Method for Diagnosing Bearing Faults in Electromechanical Equipment Based on Improved Prototypical Networks

Sensors 2023, 23(9), 4485; https://doi.org/10.3390/s23094485
by Zilong Wang 1,2,3, Honghai Shen 1,2,3,*, Wenzhuo Xiong 2,3,*, Xueming Zhang 2,3 and Jinghua Hou 4
Reviewer 1:
Reviewer 2:
Sensors 2023, 23(9), 4485; https://doi.org/10.3390/s23094485
Submission received: 14 March 2023 / Revised: 20 April 2023 / Accepted: 25 April 2023 / Published: 4 May 2023
(This article belongs to the Special Issue Structural Health Monitoring Based on Sensing Technology)

Round 1

Reviewer 1 Report

The innovation is not enough. the content of this paper needed to be further improved. Here is my specific suggestion:

(1) The Abstract should emphasize the problem of the existing methods. And, the idea of this paper should be illustrated to show how to solve these problems. Besides, the logic of the Abstract should be improved.

(2) The contribution of this paper can be summarized in the introduction. And, the framework of this paper can be also added at the end of the introduction.

(3) What is the specific parameter in your proposed neural network such as Kernal size, output channel, and activation function in every layer? Please illustrate the configuration of the proposed neural network by constructing a Table.

(4) The connection between the sub-chapter should be improved. The author should emphasize the procedure of the proposed method. Section 3.1 to Section 3.2 looks isolated.

(5) What is the innovation of this paper? Is the proposed neural network in this paper? Why not emphasize the priority of the proposed neural network? Why do you choose this neural network?

(6) The overall process of the proposed algorithm can be summarized in a Table.

(7) The equation of this paper doesn’t show the process of the proposed method.

(8) The experiment is not enough. The authors should add other datasets to verify the effectiveness of the proposed method.

(10) The ablation experiment should be introduced in this paper to illustrate the effectiveness of the proposed method.

(11) The evaluating index of this paper is single. How long does the author train the neural network? And, the experiment should be repeated many times to avoid randomness. The standard deviation should be introduced to evaluate the robustness of the proposed network.

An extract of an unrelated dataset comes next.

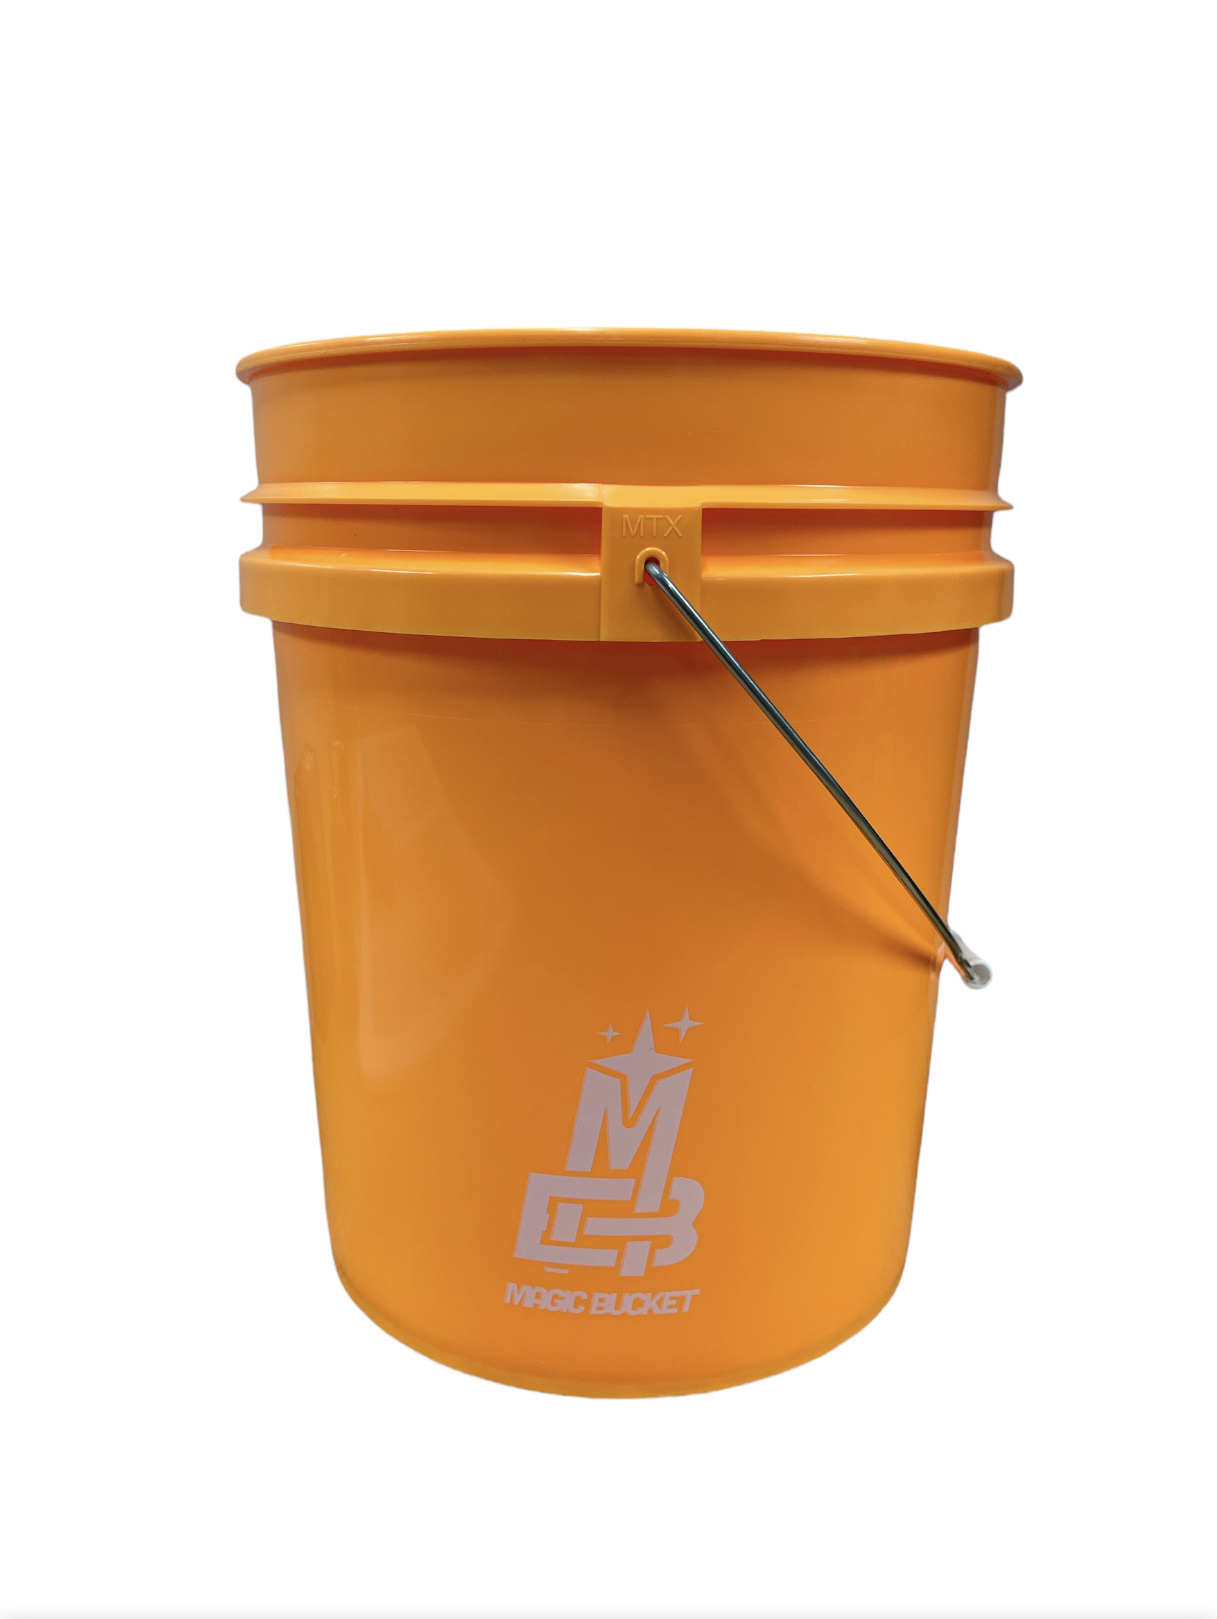 Nuke Guys - Orange Bucket 5 Gallon - Carchemicals

(12) Please add the classification result by t-SNE to vividly depict the classification result.

(13) The quality of Figure 8 should be improved.

(14) More state of art methods should be compared with the proposed method to verify the performance.

Author Response

Please see the attachment.

Author Response File: Author Response.pdf

Reviewer 2 Report

In this paper, the authors suggested an improved prototypical network to diagnose the fault of mechanical and electrical equipment bearings, which is divided into three parts: data preprocessing, network model training, and model testing. They also conducted comparative experiments on the bearing dataset with other machine with other learning models such as SVM, WDCNN, and prototypical network in order to verify and compare their proposed model with other models. They concluded that the proposed model improved the performance compared to the prototypical network. In addition, they claimed that the proposed model effectively solves the defect of health monitoring data longtail distribution and enhances the dependence relationship between samples and global data, specifically the accuracy of fault diagnosis under small samples can be improved.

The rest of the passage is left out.